V-shaped sellers meet L-shaped buyers

Picture: www.businessoffashion.com
M&A fish.jpgA senior figure in the investment community told the blog recently that companies’ views on the outlook for the economy seemed to vary according to their own financial position: “the stronger the balance sheet, the more realistic (and worse) the view on the economy”.
This analysis was confirmed at an interesting M&A Round Table organised last week by Pilko & Associates. Some key insights from the event were:
Risk analysis. Many CFOs are organising up-front strategic reviews to better understand not only their own corporate risk profile, but also those of their major counter-parties (eg suppliers, customers etc)
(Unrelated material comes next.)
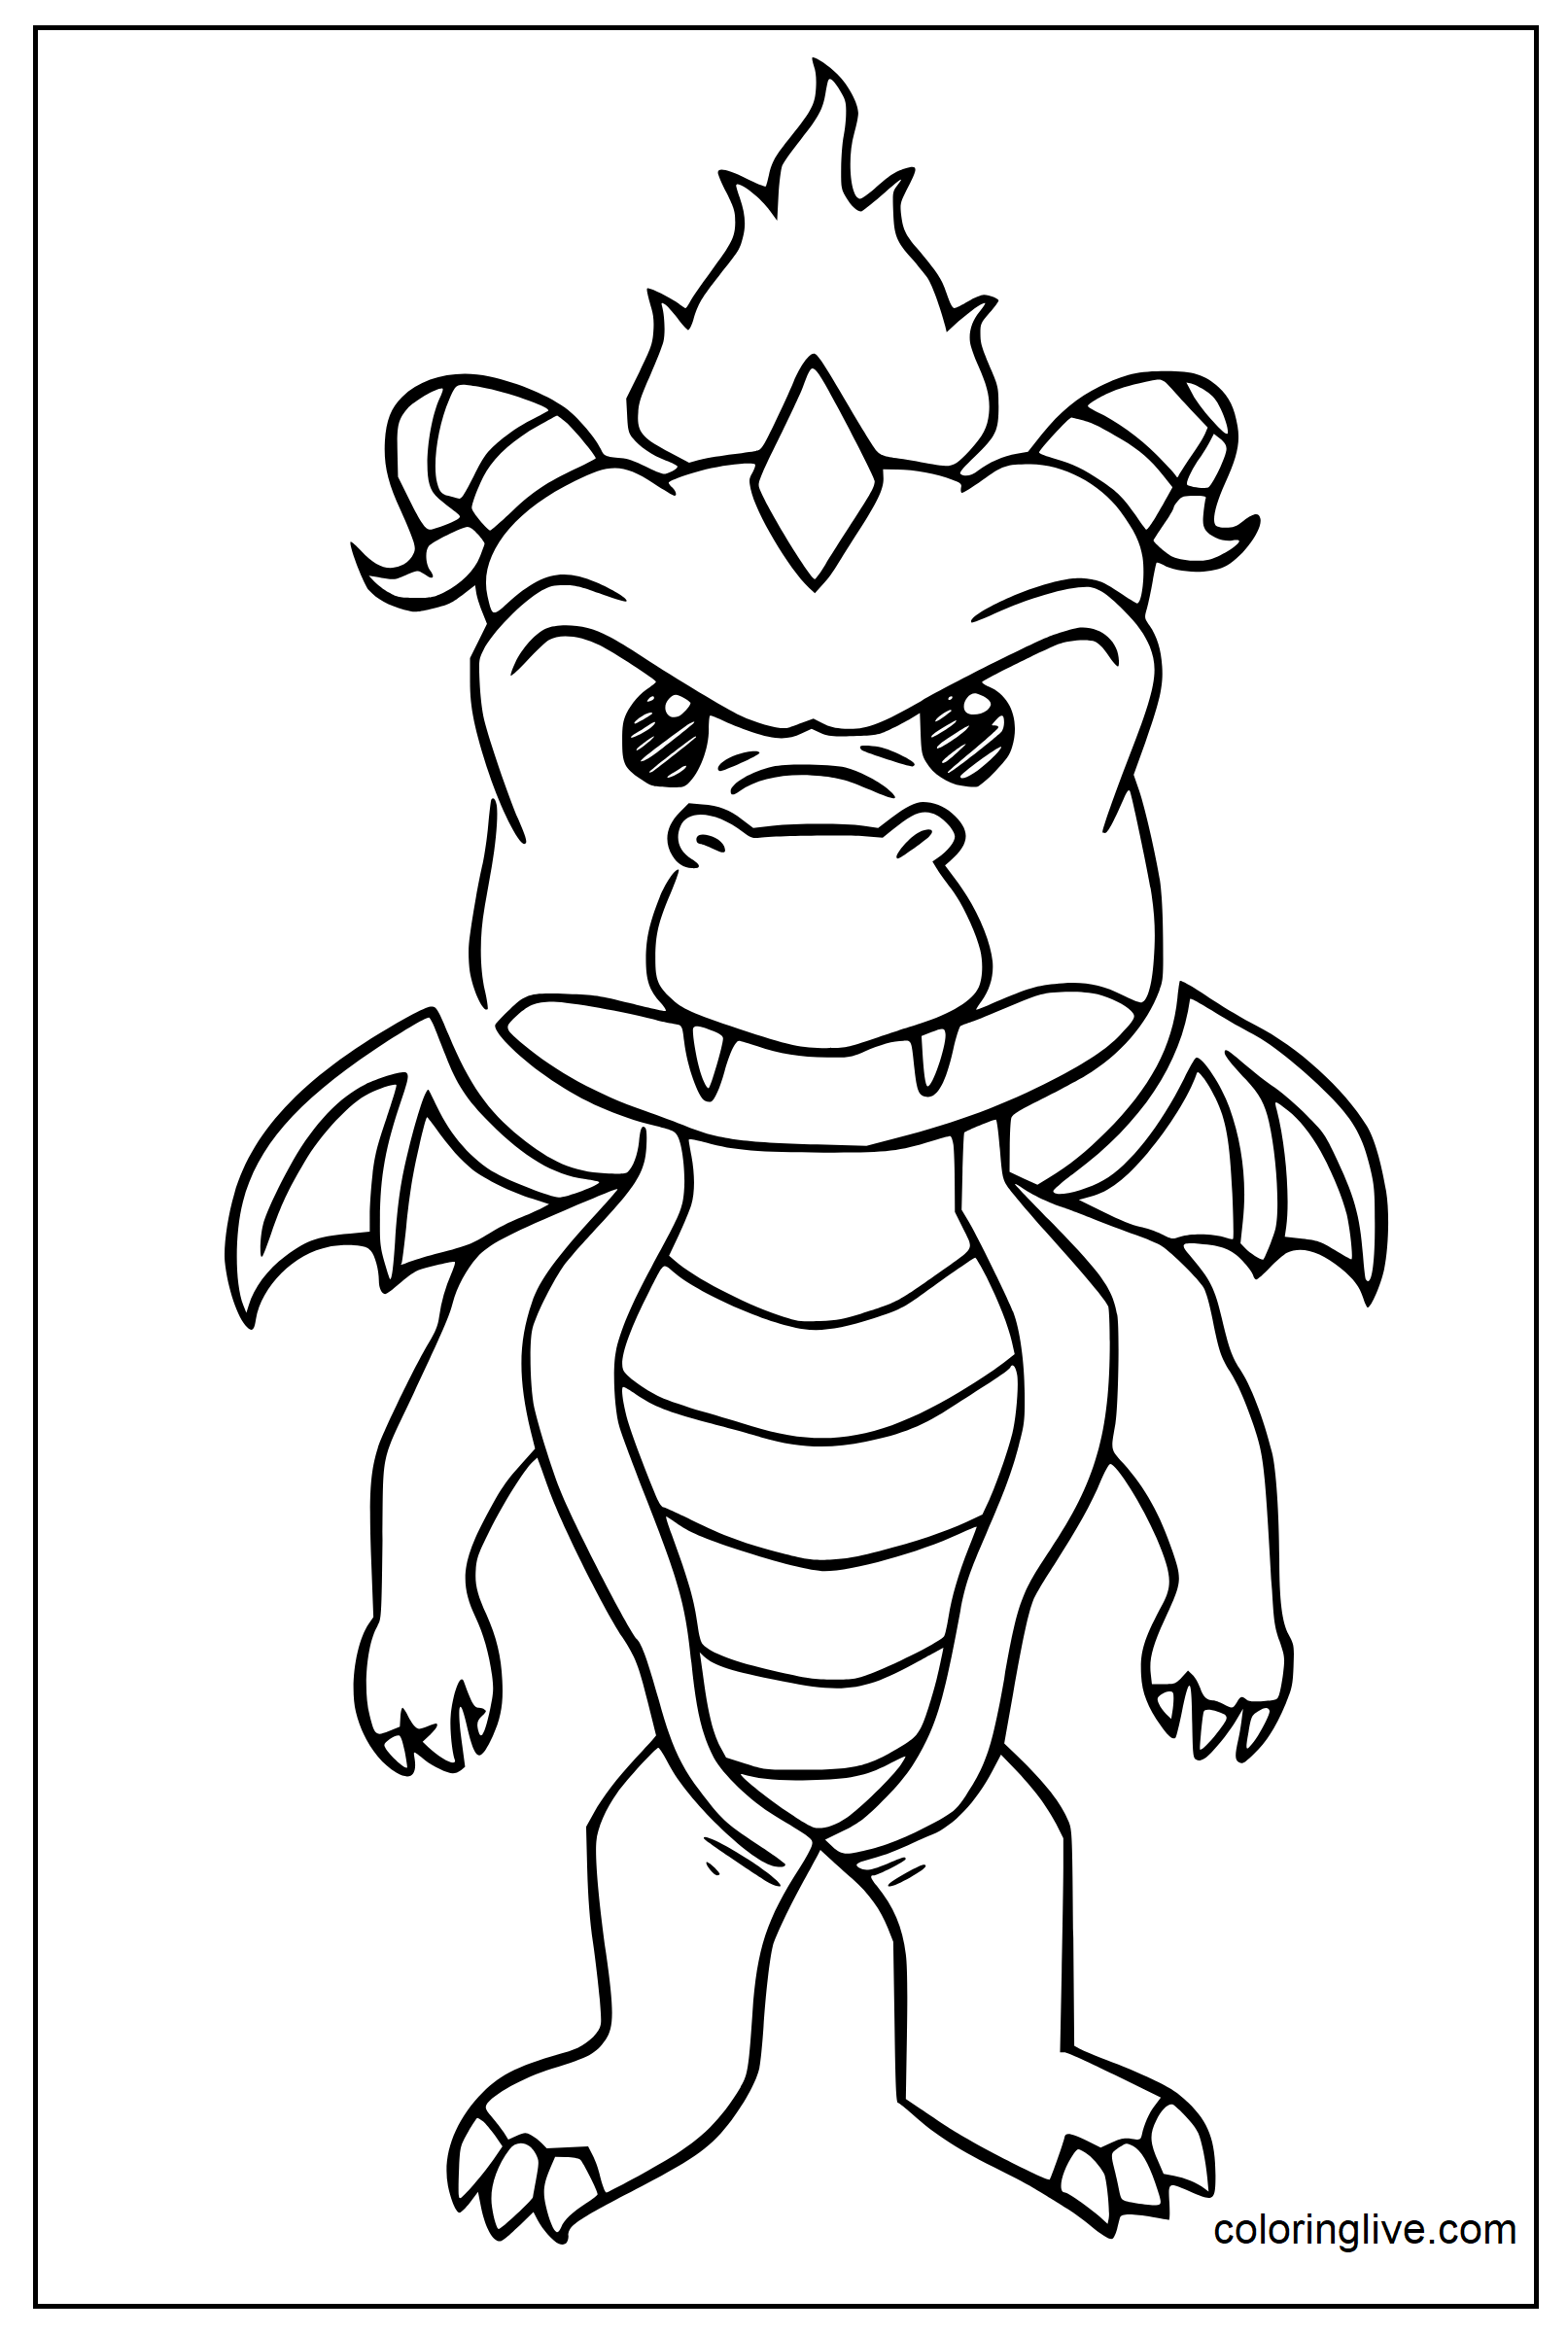 Printable Baby Dragon is angry Coloring Page for kids.

Scenario analysis is becoming much more common. Few people believe in a quick V-shaped recovery, and the risk of an L-shaped ‘lost decade’ is perceived to have increased (as seen by Japan in the 1990’s). The base case is increasingly a 3 – 5 year U/W-shaped downturn.
Refinancing. A large number of businesses will need refinancing over the next couple of years. Banks like this type of business, due to the high fees involved. But their credit committees are being much more cautious than during the ‘boom years’. It now takes 12-18 months to achieve a refinancing, versus 6-9 months in 2006-7.
Business analysis. Investors cannot now ‘flip’ businesses for a quick profit after 12-18 months, and instead need to be committed to running them for several years. They therefore need to understand the business’s fundamental drivers, and to evaluate its operational skills.
M&A timescale. It is much harder to auction businesses via the use of a generic Information Memorandum and a timetabled sale process. Instead M&A is often a ‘one-on-one’ process, where finding a qualified buyer can require months of patient effort. And the total ‘package’ has to be right, to fit the buyers’ own strategic needs.
The buyer’s process now starts by understanding the key drivers and issues for the business, and how its acquisition might fit with their overall strategy. They then develop realistic scenarios for the future outlook, as a means of highlighting key issues for testing during due diligence.
Leverage. Lack of liquidity in financial markets means deals often require much higher equity levels (>50%). Equally, banks are more concerned about the strength of warranties and parent company guarantees, and how enforceable these might be in a continued downturn.
Restructuring will need to bring in new investors, who will be focused on cash-flow risks, because of refinancing problems. This will benefit acquirors with capital, and a long-term view.
M&A activity is therefore much lower than in the past, as players adapt to the new environment. At the moment, a lot of deals are stalled due to sellers adopting a V-shaped outlook, and expecting a quick profits recovery, whilst buyers are worried about the potential impact on profits of a prolonged L-shaped downturn.
Today’s high levels of uncertainty also led participants to emphasise “the huge opportunity for high quality advice”. Major value could be added by those who had correctly foreseen the downturn, and could now describe the likely key issues ahead.